**Description of the task**
Can you transcribe the data exactly? Leave the pictures out.

**Dataset content**
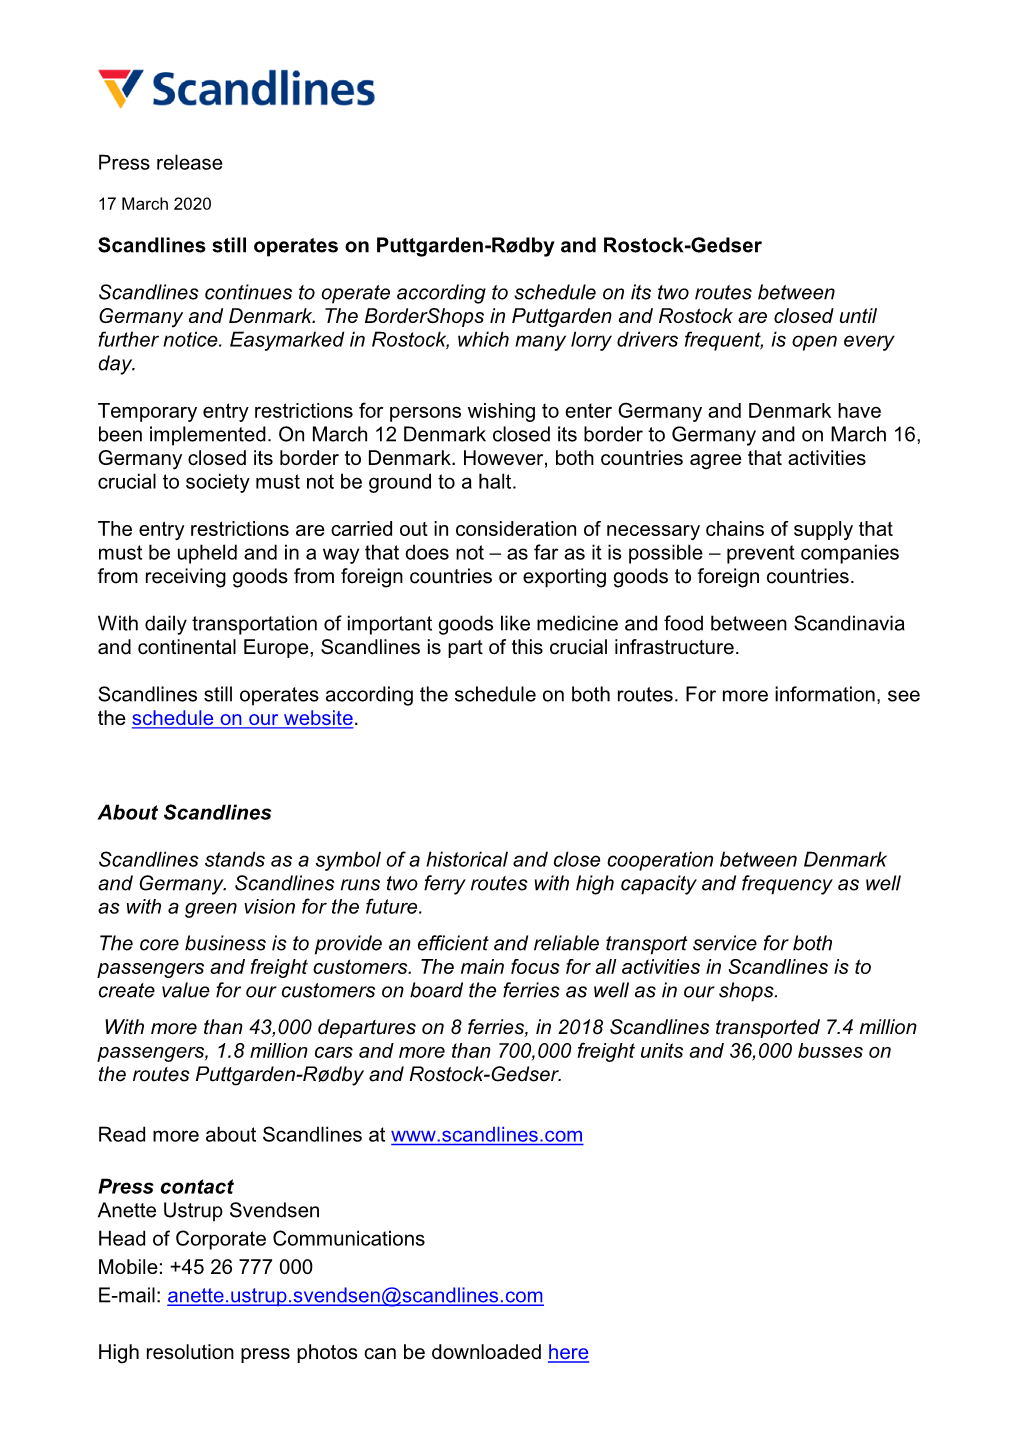 Press Release Scandlines Still Operates on Puttgarden-Rødby and Rostock-Gedser Scandlines Continues to Operate According To
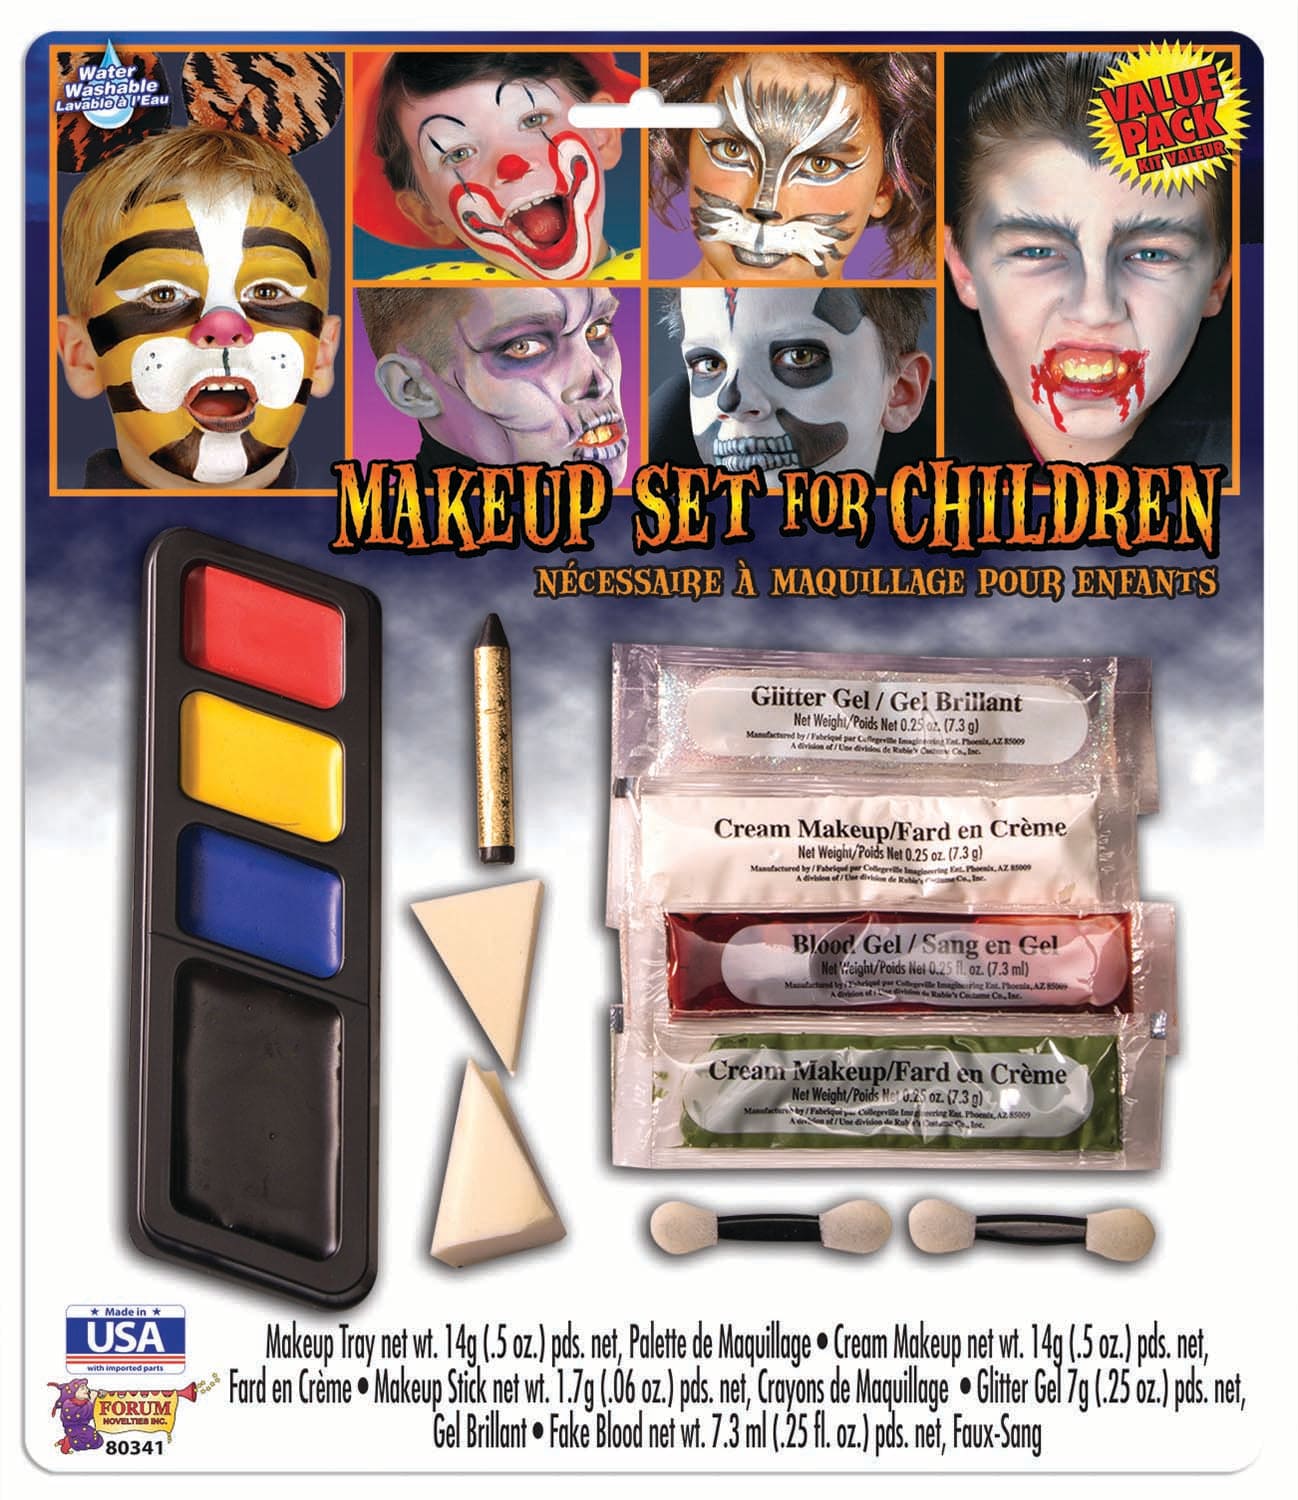 Creative Makeup Kits and Set for Children
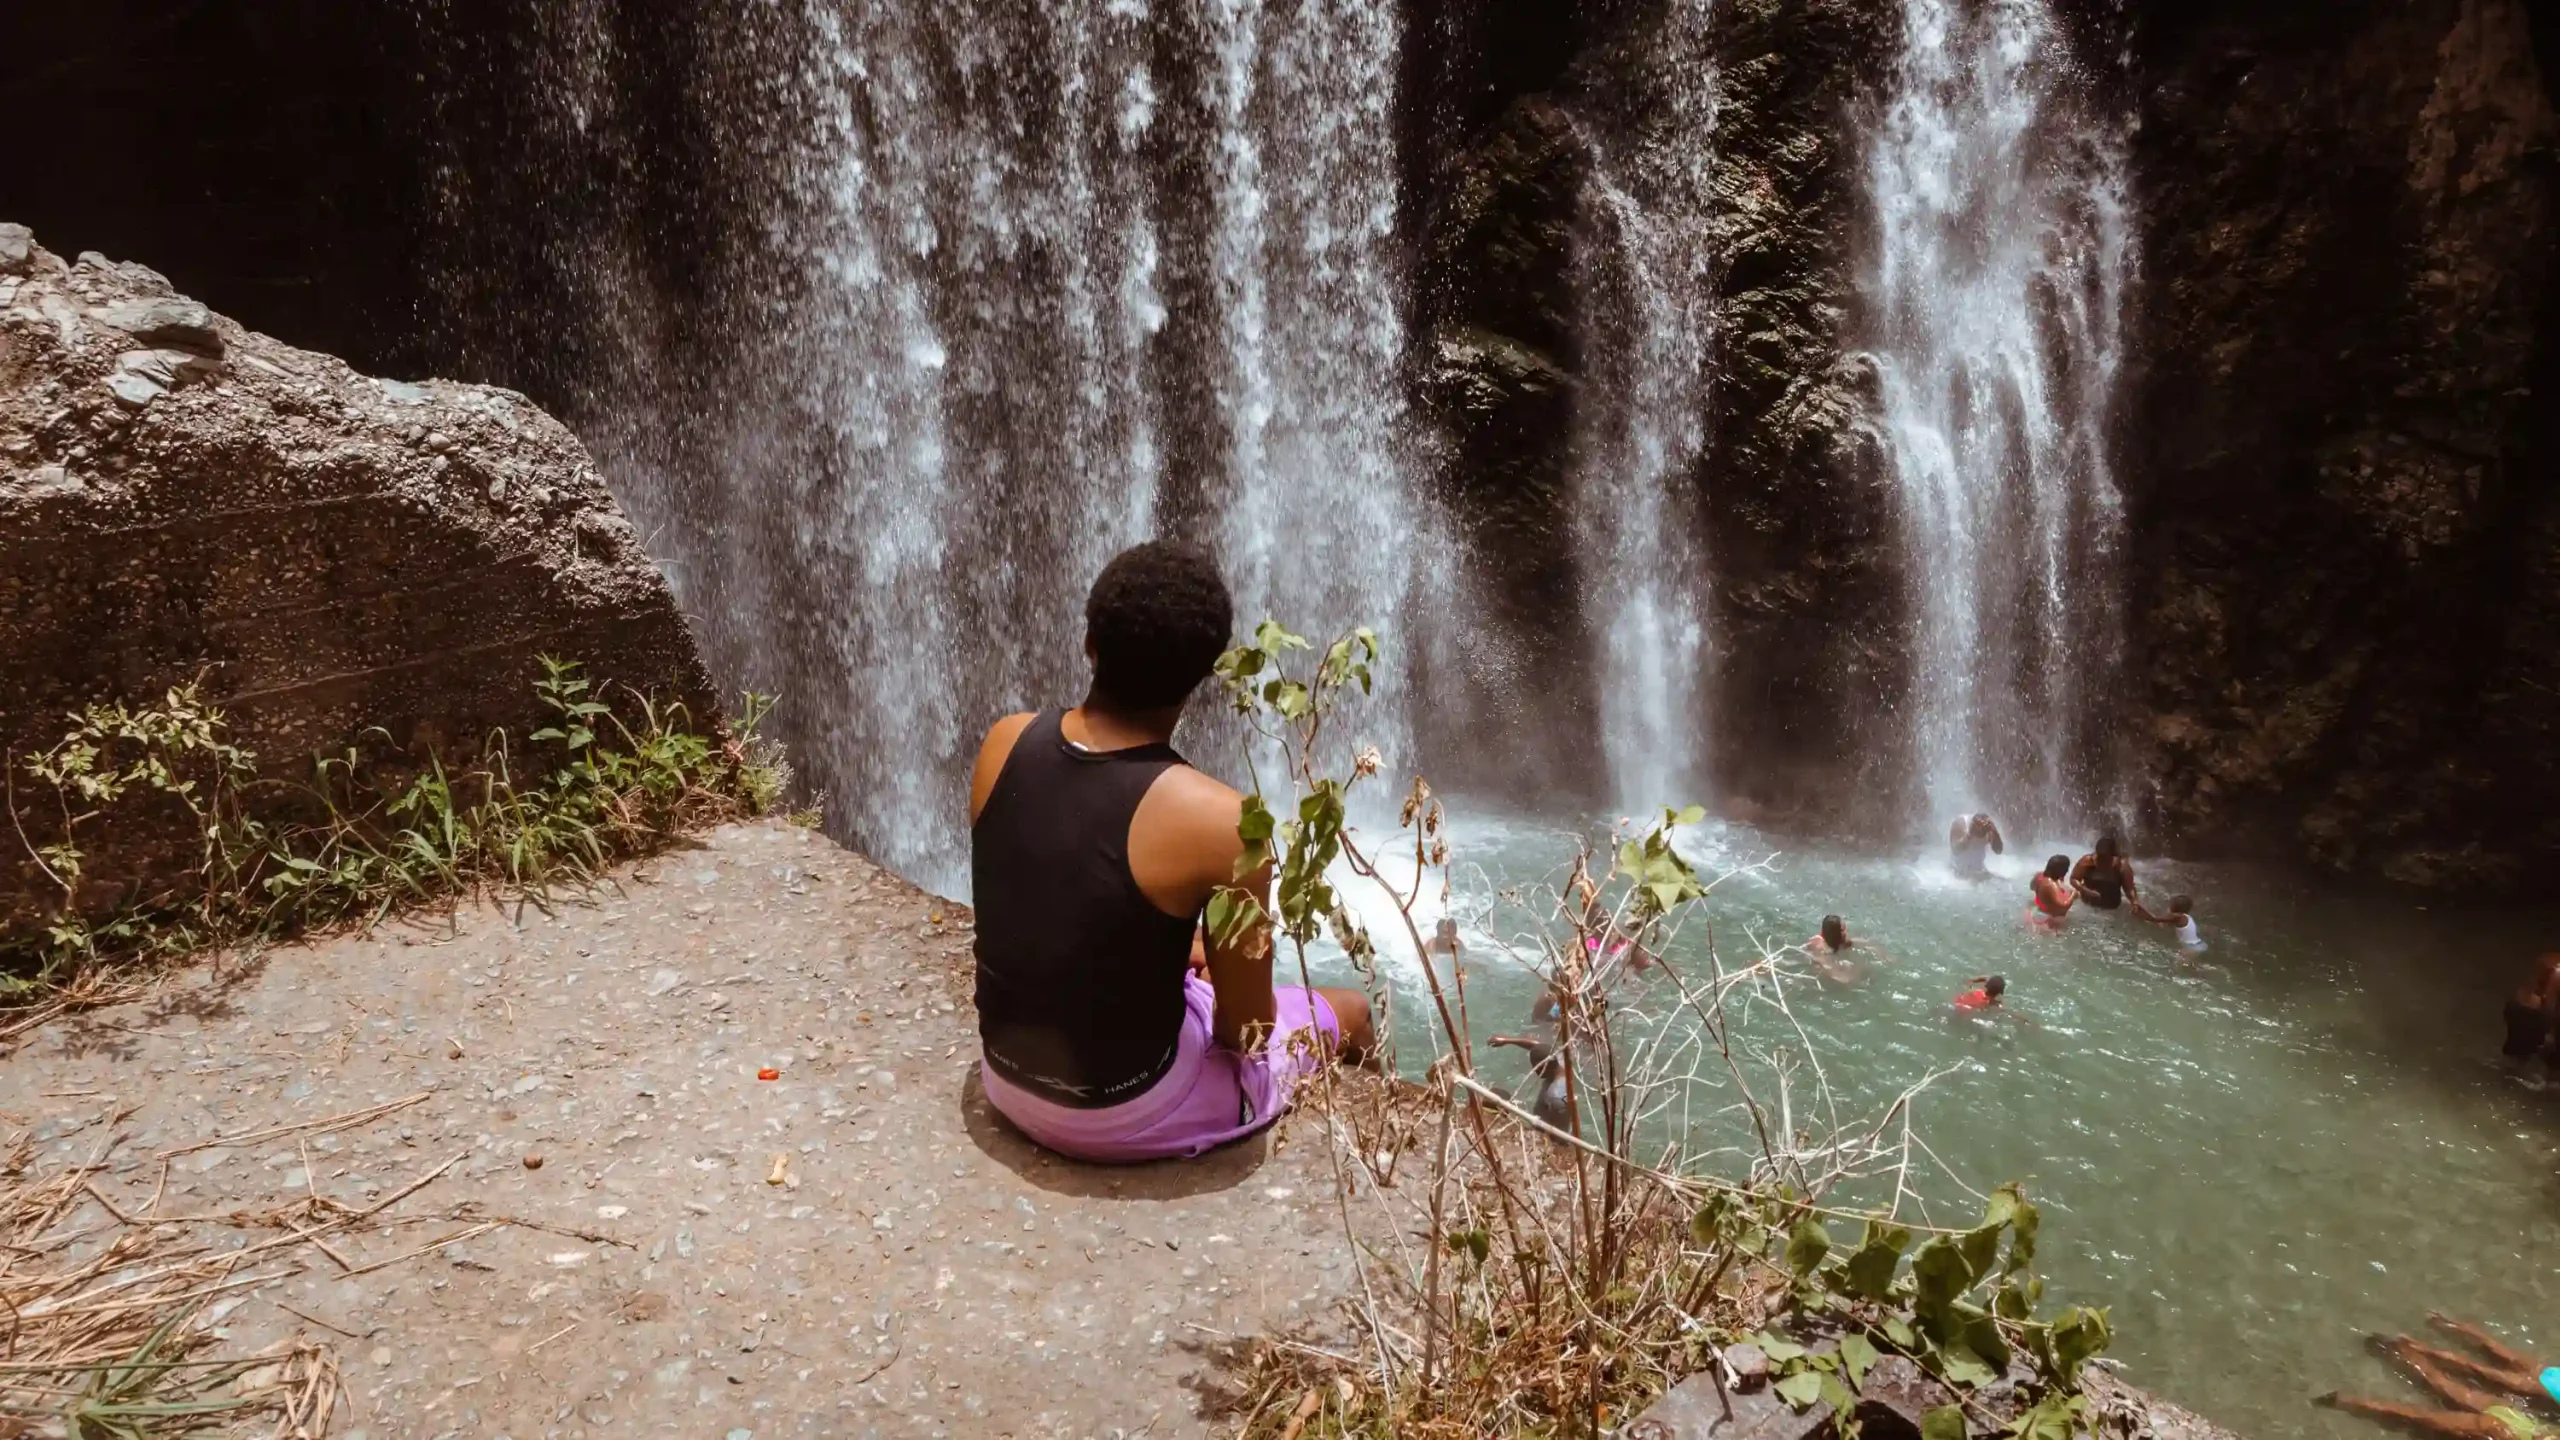 A woman sitting on the edge of a waterfall, enjoying the serene view.

**Response below**
 Press Release Scandlines Still Operates on Puttgarden-Rødby and Rostock-Gedser Scandlines Continues to Operate According To
 Creative Makeup Kits and Set for Children
 A woman sitting on the edge of a waterfall, enjoying the serene view.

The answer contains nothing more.